**TASK:**
With the pictures excluded, reproduce all of the data exactly.

**GIVEN MATERIAL:**
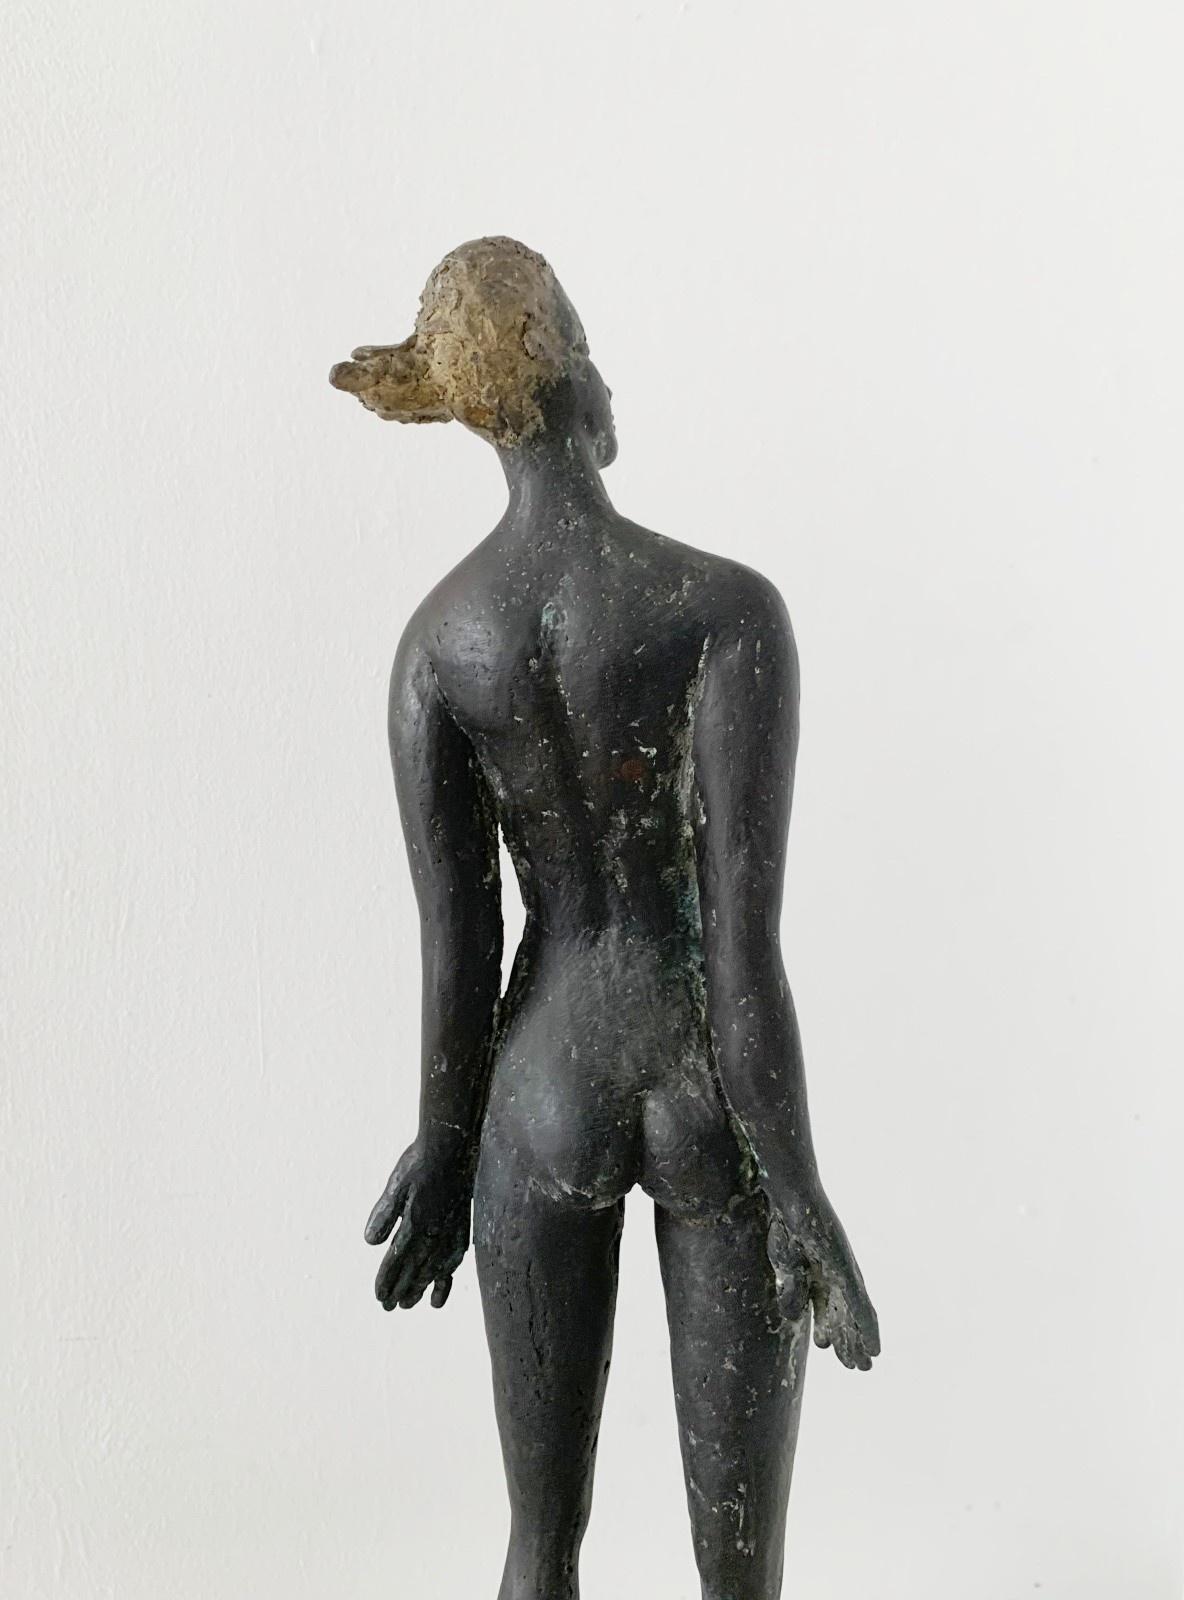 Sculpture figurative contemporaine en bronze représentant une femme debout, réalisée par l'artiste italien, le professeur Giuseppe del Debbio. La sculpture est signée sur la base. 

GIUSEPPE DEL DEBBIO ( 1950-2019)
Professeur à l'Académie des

**WRITTEN SOLUTION:**
 Sculpture figurative contemporaine en bronze représentant une femme debout, réalisée par l'artiste italien, le professeur Giuseppe del Debbio. La sculpture est signée sur la base. 

GIUSEPPE DEL DEBBIO ( 1950-2019)
Professeur à l'Académie des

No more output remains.